The ruling has prompted a number of organizations and members of Congress to renew their campaign for passage of the Equality Act (HR 5), which would codify the court’s ground-breaking decision to prohibit employers from discriminating against workers on the basis of their sexual orientation or gender identity under Title VII of the Civil Rights Act of 1964. The bill would also extend these and other protections to numerous other federal laws.
A joint letter this week from nearly half of the US Senate to Majority Leader Mitch McConnell, R-KY, urges an immediate vote on the bill. The measure cleared the House last summer but currently remains in limbo in the Republican-controlled Senate and seems unlikely to pass. Prospects for the legislation could brighten next year if Democrats win the White House and control of the Senate in November, though Senate approval would still be far from assured.

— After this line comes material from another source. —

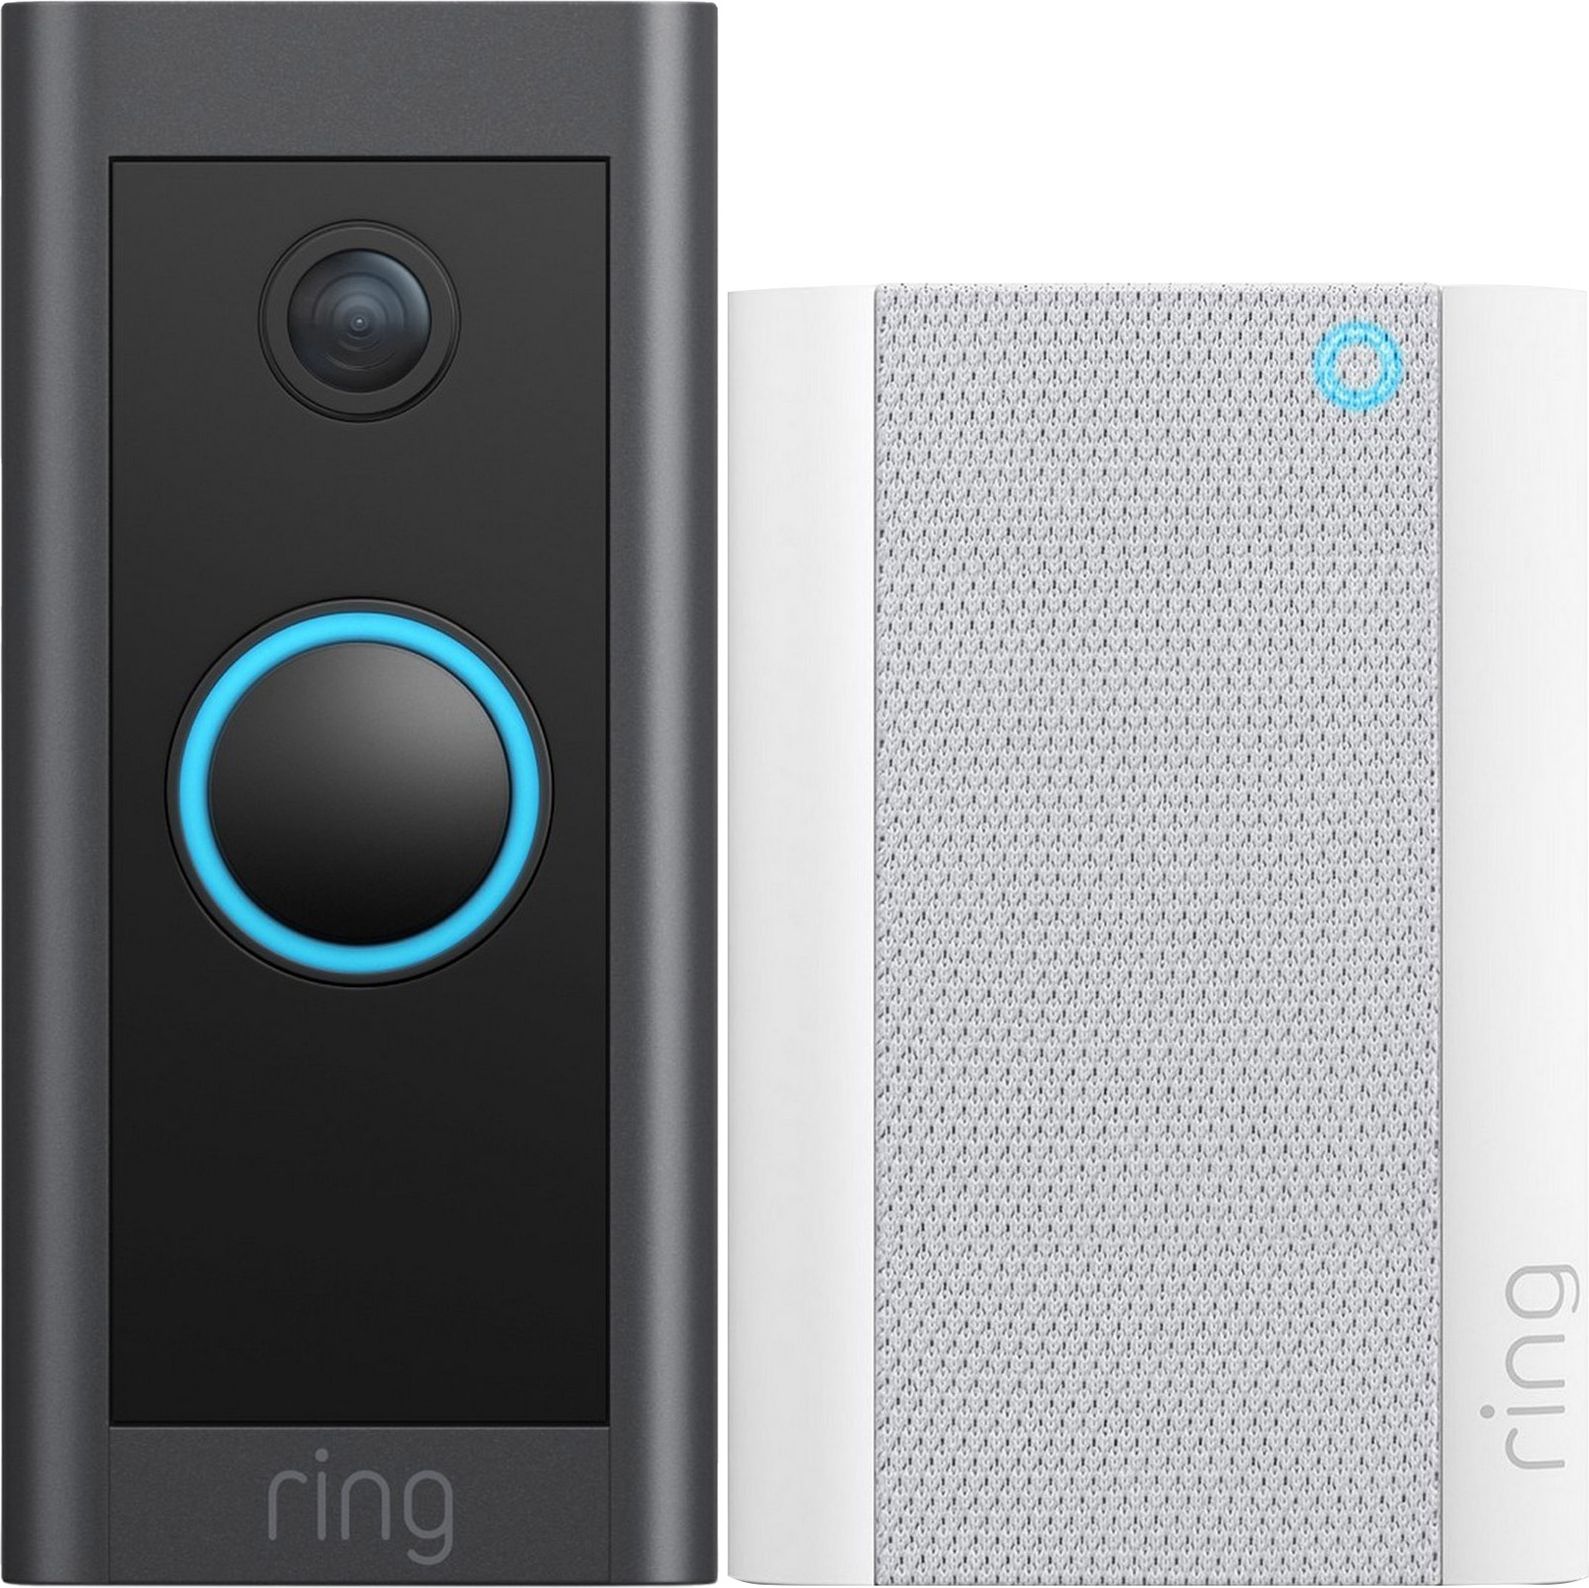 Ring Wired Doorbell Kit Smart Doorbell Full HD 1080p - Black, Black

Competing legislation introduced by House Republicans, the Fairness for All Act (HR 5331) would add LGBTQ protections to federal anti-discrimination law while preserving exemptions for religious organizations and certain small businesses whose owners are religious. Offered as a compromise, the bill has been criticized by social conservatives for going too far and by LGBTQ rights advocates for not going far enough.
The House-passed Equality Act would forbid employers from using the Religious Freedom Restoration Act of 1993 (RFRA) as a defense. Supreme Court Justice Neil Gorsuch, writing for the majority on Monday, noted that the court was not addressing a number of issues in the ruling and signaled that RFRA could affect Title VII LGBTQ employee protections in certain cases if they clashed with an employer’s religious convictions.
“[H]ow these doctrines protecting religious liberty interact with Title VII are questions for future cases . . .” Gorsuch wrote.
Conservative Justice Samuel Alito in his dissent (joined by Justice Clarence Thomas) also foreshadowed that the majority opinion could intensify legal battles over when employers and insurers must cover and doctors must provide gender affirmation care. These situations could present "difficult religious liberty issues" for those with strongly held beliefs, Alito wrote.
The Supreme Court’s ruling is also set to inflame the legal fight over a final Affordable Care Act Section 1557 regulation issued by the Trump Administration last Friday that rolls back prior agency rules protecting transgender individuals against discrimination by health plans and medical providers. The ACA established broad civil rights protections in health care, barring discrimination based on race, color, national origin, sex, age or disability in “any health program or activity” that receives federal financial assistance.
The Obama administration interpreted the provision about sex discrimination to include discrimination on the basis of “gender identity.” Under the original 2016 rule, health care providers and insurers receiving federal funds would have been required to provide and cover medically appropriate treatment for transgender patients. The Obama rule has been tied up in litigation for several years, and the Trump administration has declined to enforce it, citing a Texas federal district court ruling (Franciscan Alliance v. Burwell, No. 7:16-CV-108).
The ACLU and other organizations had already vowed to sue the Trump administration over its new rule eliminating transgender protections, and they're likely to seize on Monday's decision to build their case.